# RCI Dedicated Forum



## bbodb1 (May 31, 2019)

@TUGBrian @Makai Guy - I may have asked this previously (I did search for this question / answer but did not find one)......

In looking at the dedicated forums, I see there is NOT a dedicated forum for RCI.
I realize there is a limit to the number of forums you may want to create but given how large (popular, common) RCI ownership is, might a dedicated forum to RCI help keep RCI specific topics from creeping into other (often non related) topics?

Just a thought....Thanks again for all y'all do!


----------



## TUGBrian (May 31, 2019)

years ago we had both a dedicated II and RCI forum, but the representatives for those entities stopped publicly replying as the threads would all inevitably turn ugly, thus it was all merged into a single exchanging forum and has been that way ever since.


----------



## bbodb1 (May 31, 2019)

@TUGBrian - Ah yes - I recall references to that previously (I think the actual implementation of that was before my time on TUG started).  To be more complete, I was thinking about a separate RCI forum more for the reason of segmenting the RCI specific topics there (making them easier to find - sort of the same theory where the other systems have their own forums).  Am I correct in thinking there are NOT representatives for Wyndham, Worldmark, Vistana, Hilton, Mariott, etc in those forums currently?  

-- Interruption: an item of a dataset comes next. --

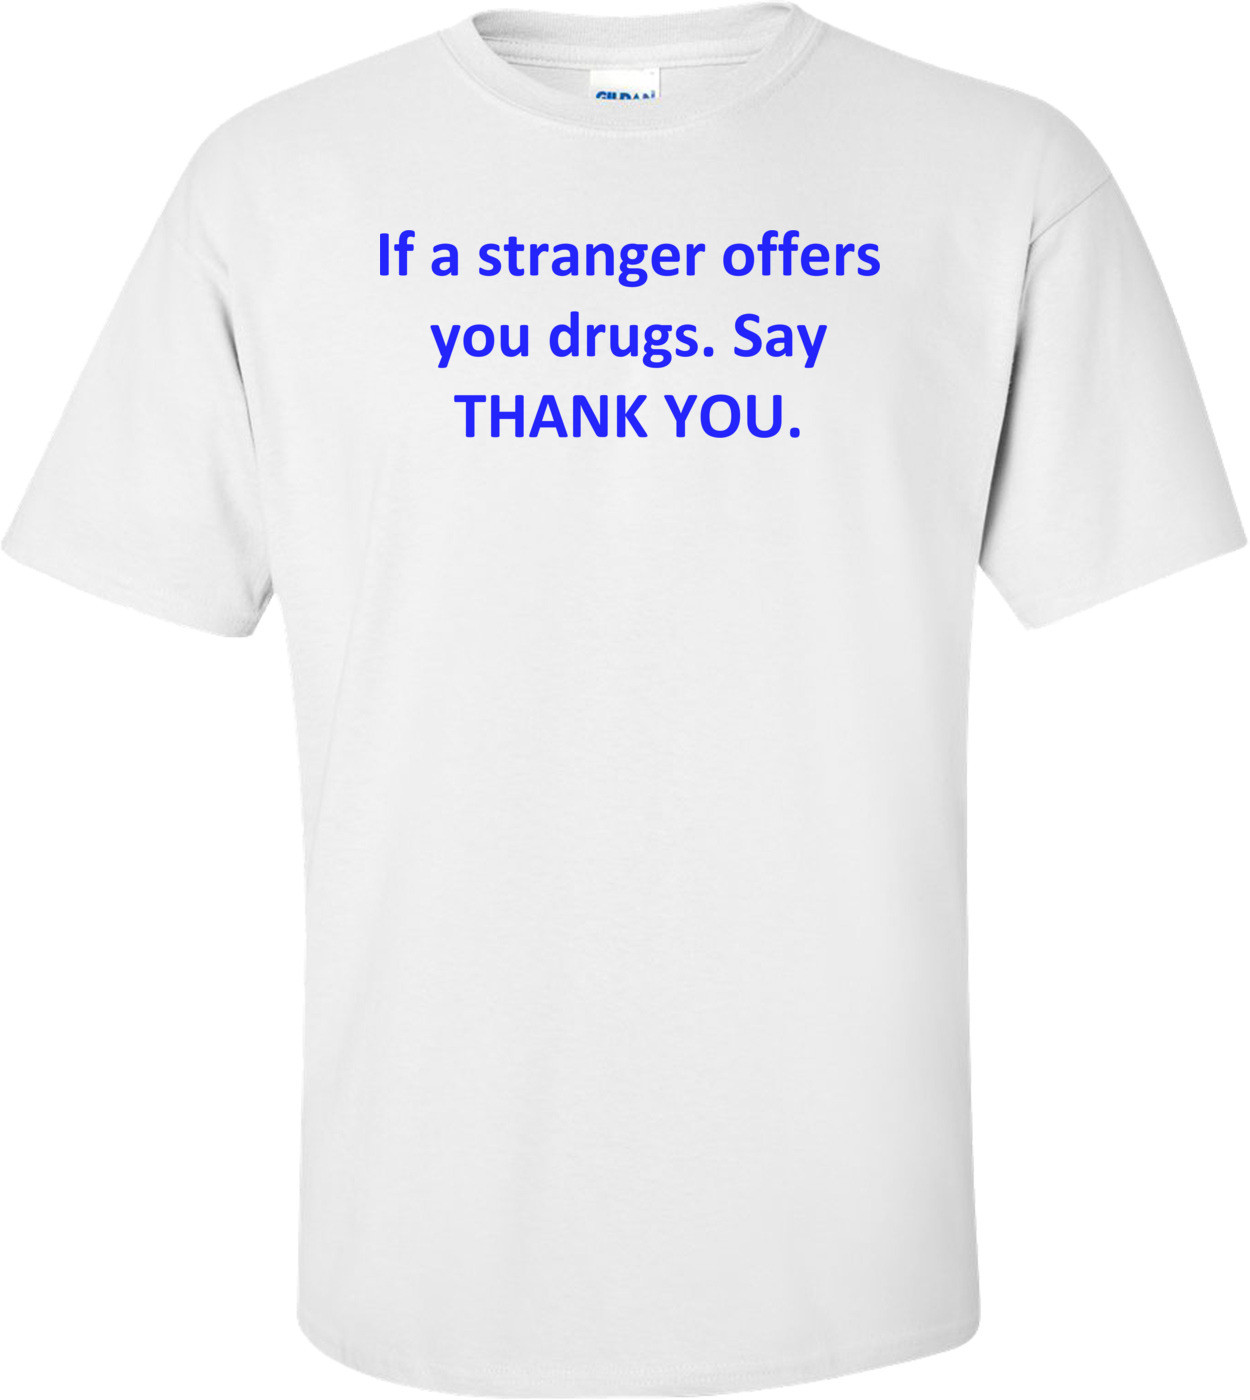 If a stranger offers you drugs. Say THANK YOU. Shirt

No biggie either way.  I actually thought about this because the search results from using the search in the upper right hand corner of the TUG page didn't really work as I expected (the results were not really aligned with the search terms).  See below:



 

Perhaps the best question I can ask is this, Brian: 
Is the following assumption correct - generally speaking, the more advanced a search is, the more likely one should use the advanced search options on Google, Bing, etc? 

I'm asking that because the search you see above threw out the RCI term.....


----------